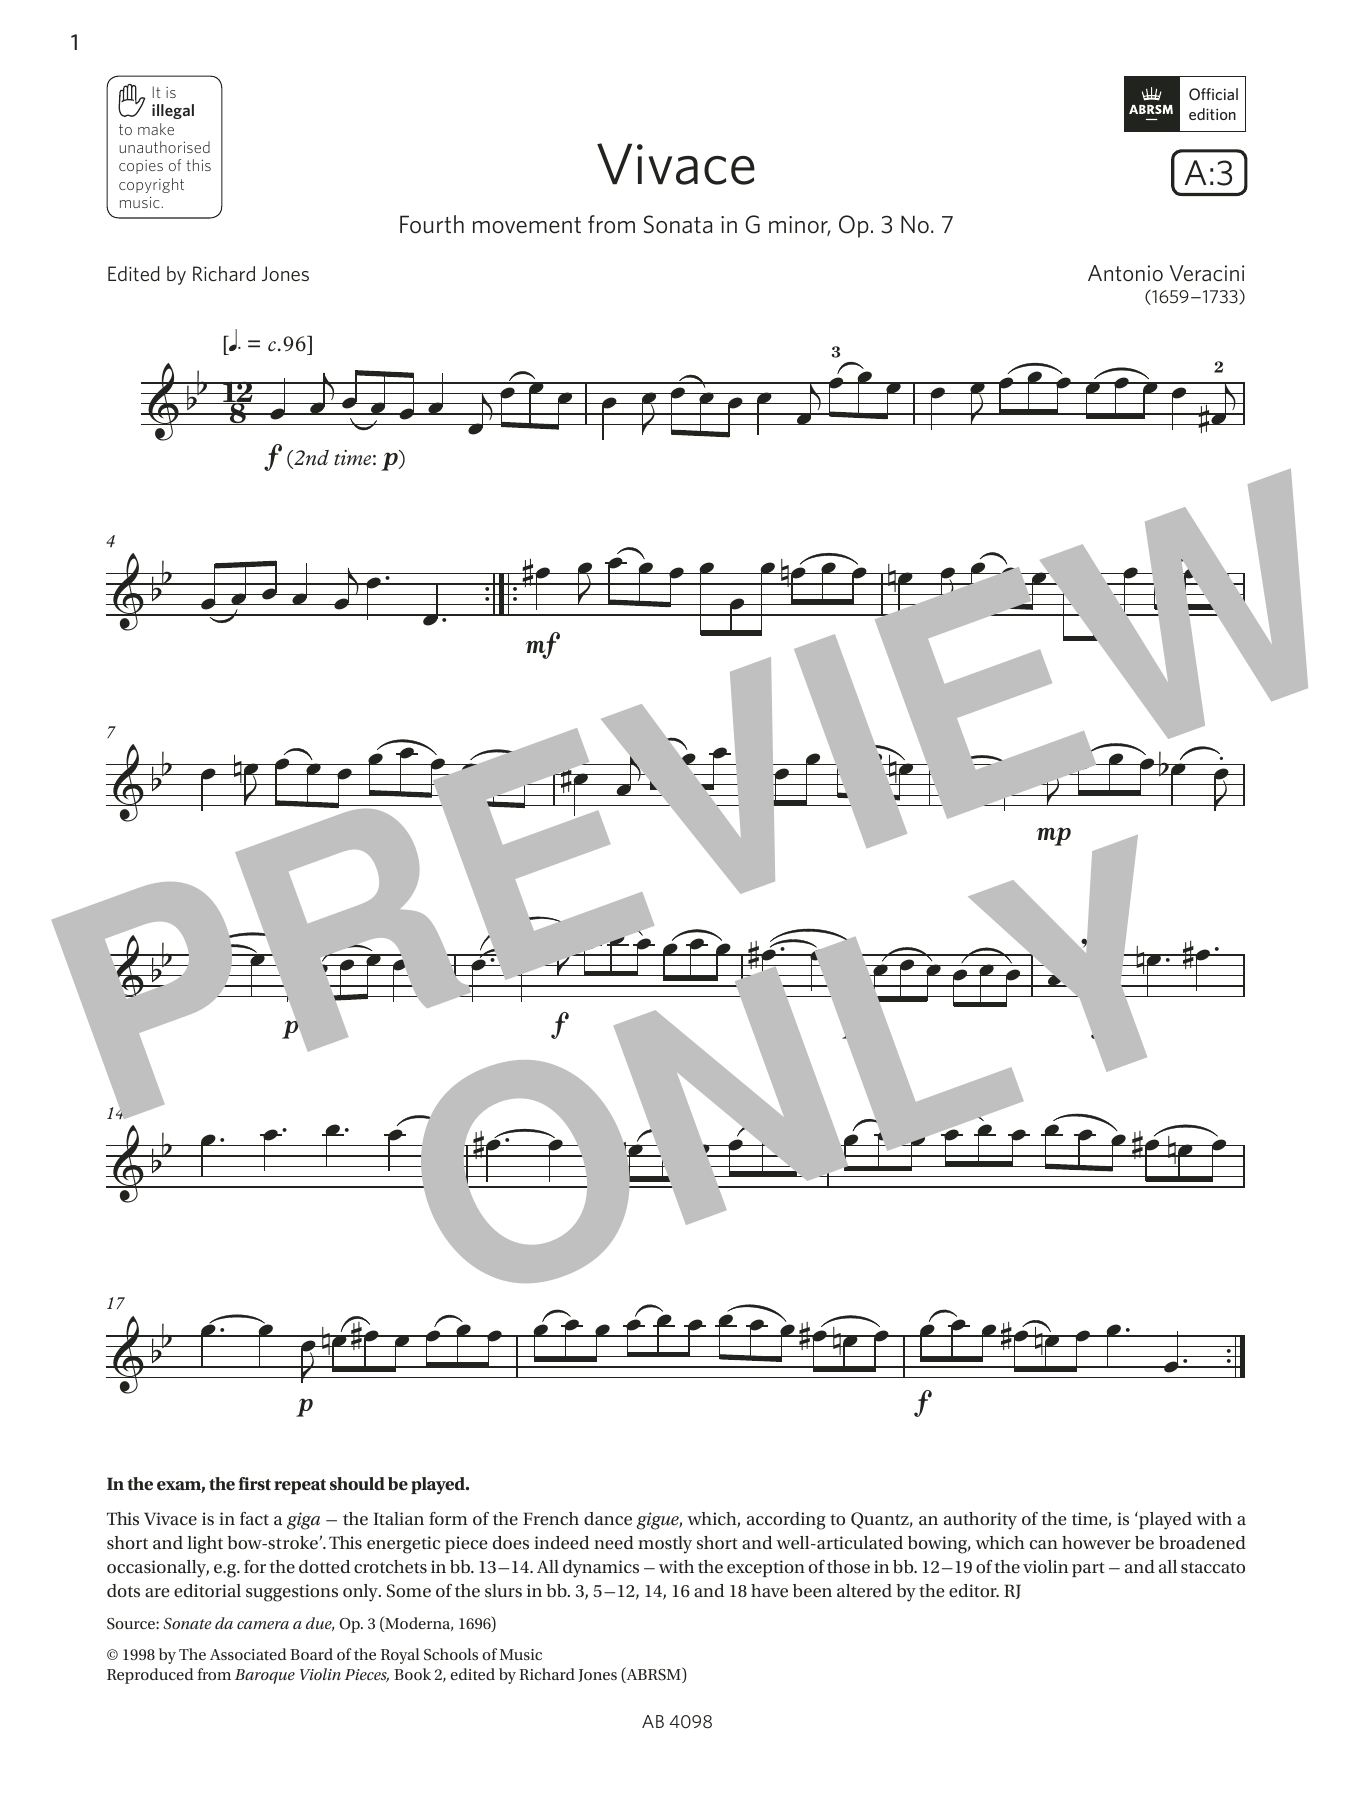 Download Antonio Veracini Vivace (Grade 4, A3, from the ABRSM Vio Sheet Music
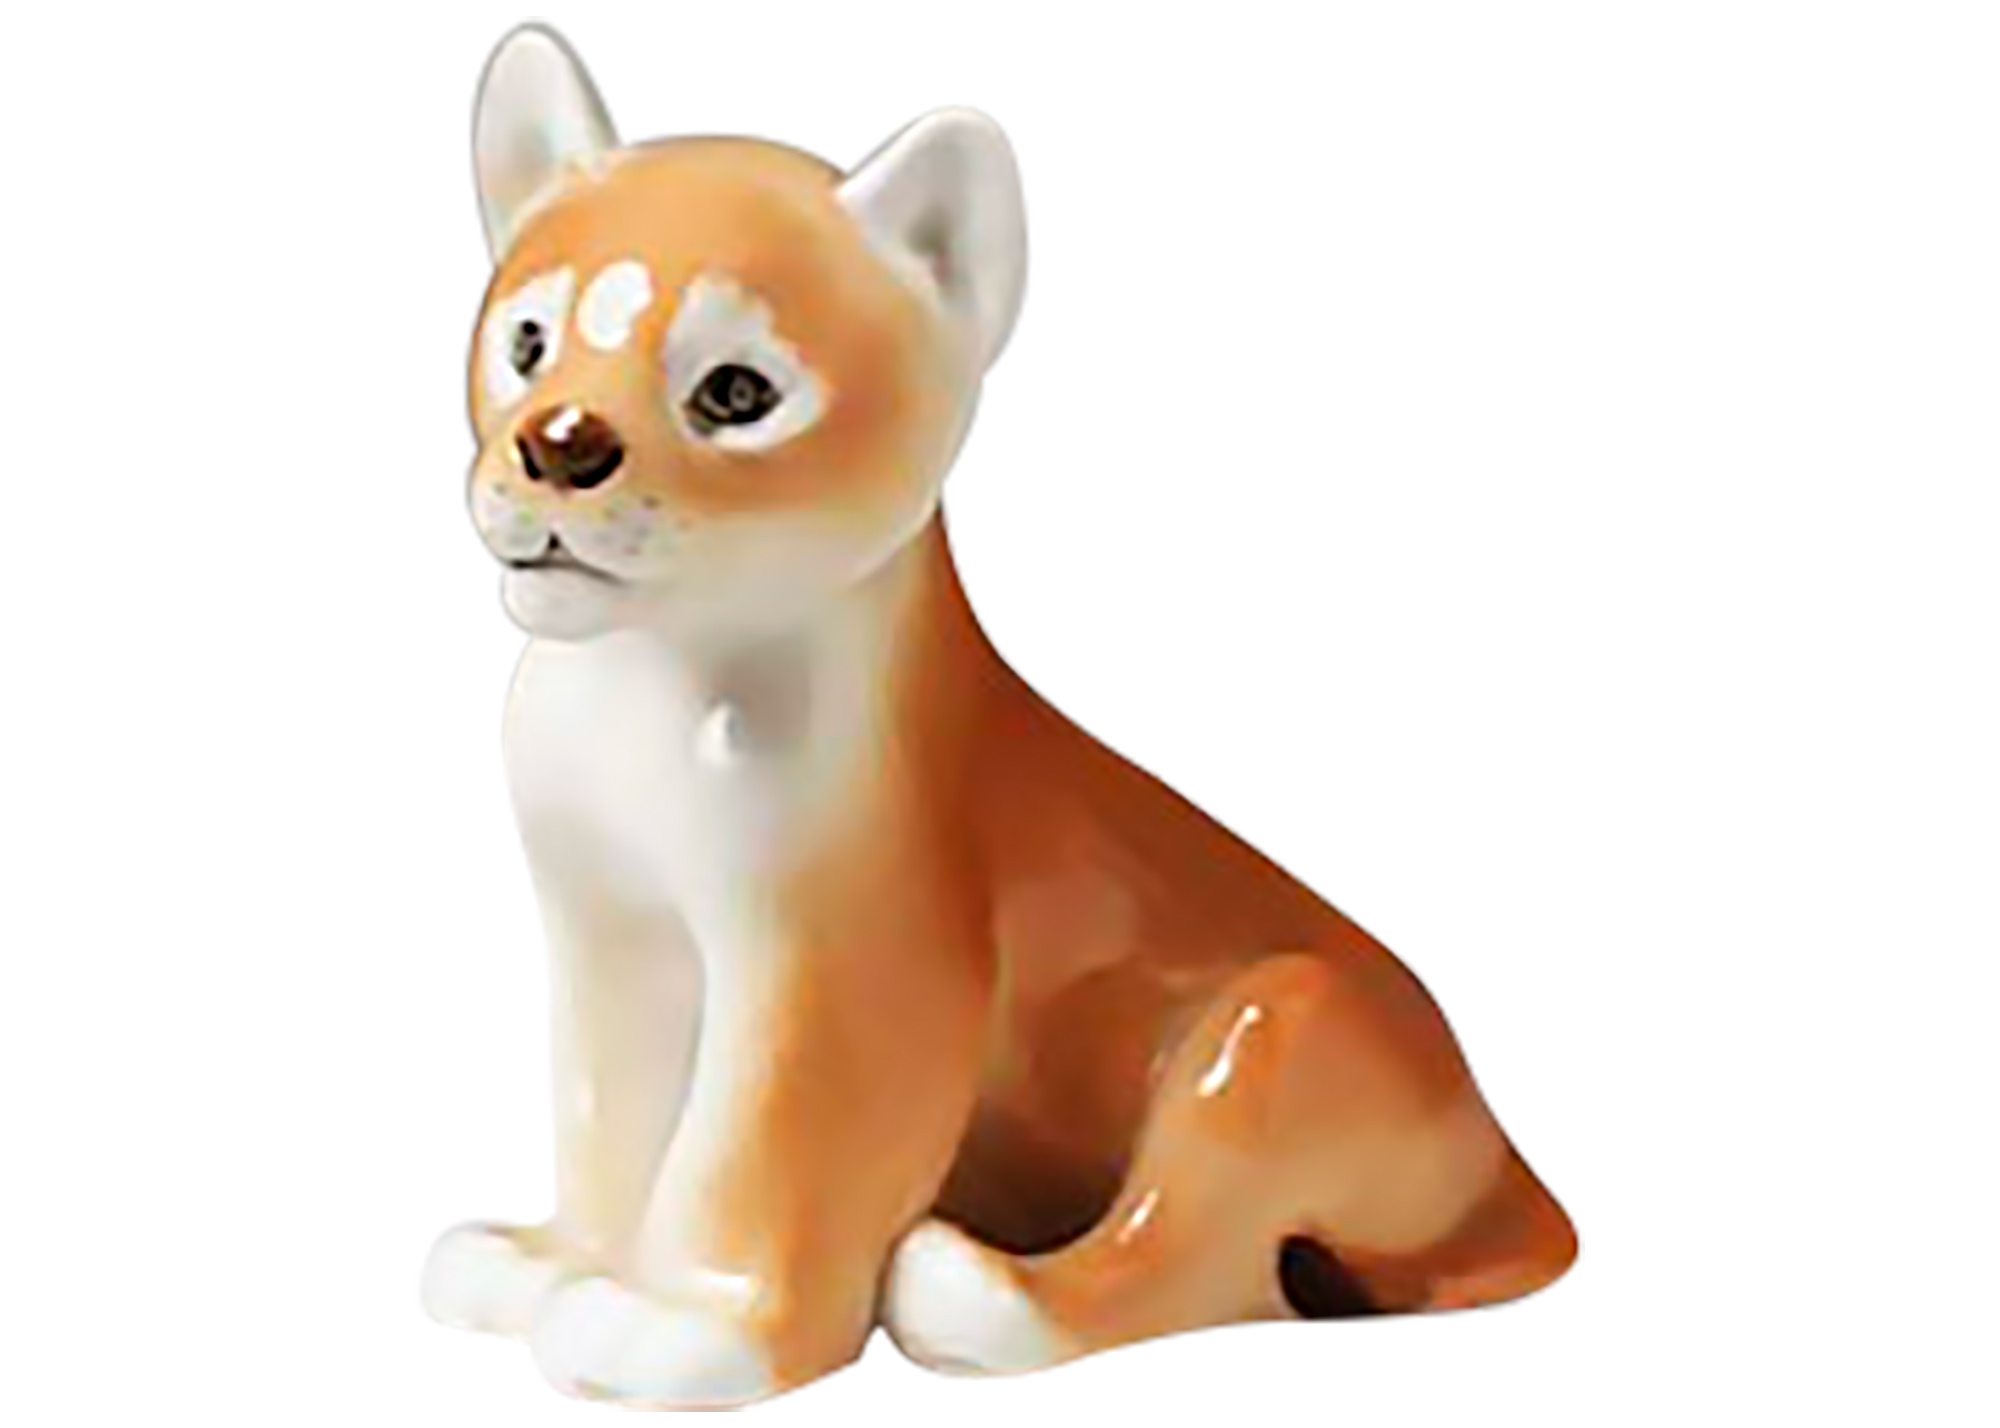 Buy Small Lion Cub Figurine at GoldenCockerel.com
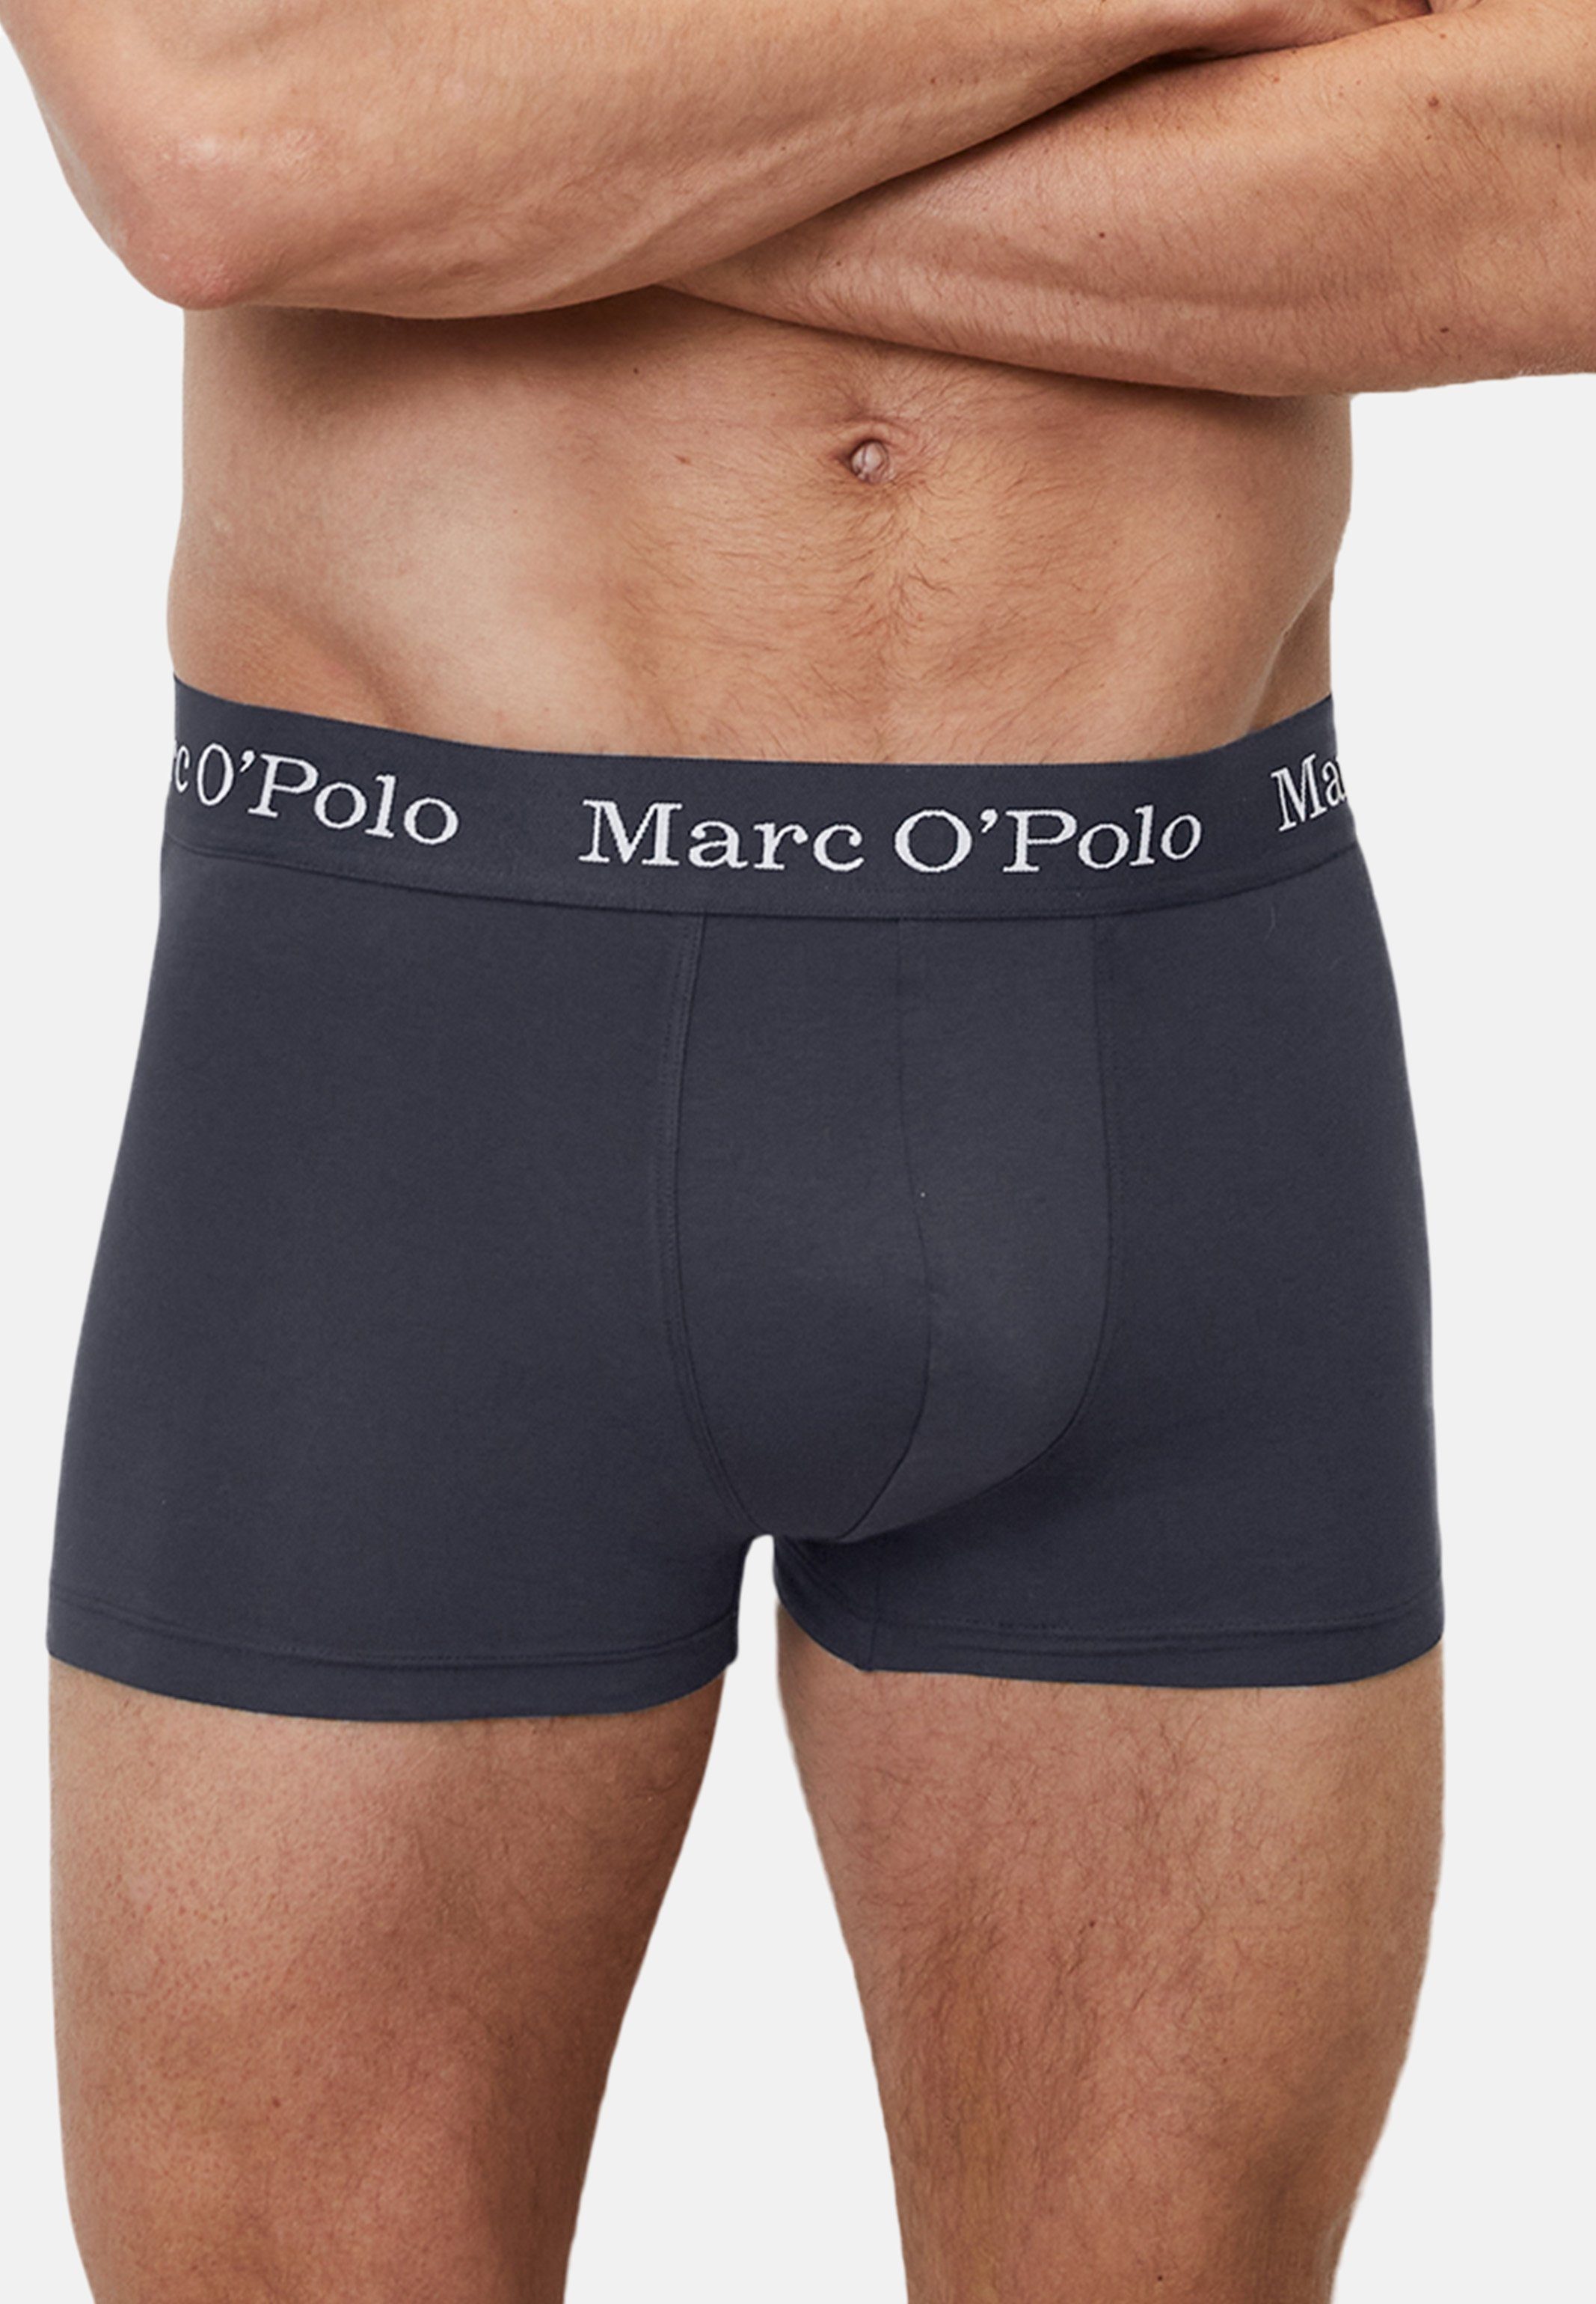 10er (Spar-Set, 10-St) Short Baumwolle / Retro - - O'Polo Navy/Grey Retro Marc Elements Melange Boxer Eingriff Ohne Cotton Pack Organic - Pant

====================

## Task requirements
Output the line containing "Buy Small Lion" and each line after it, through the end of the material, exactly as given. No pictures belong in the output.

## Exercise response
 Buy Small Lion Cub Figurine at GoldenCockerel.com
 10er (Spar-Set, 10-St) Short Baumwolle / Retro - - O'Polo Navy/Grey Retro Marc Elements Melange Boxer Eingriff Ohne Cotton Pack Organic - Pant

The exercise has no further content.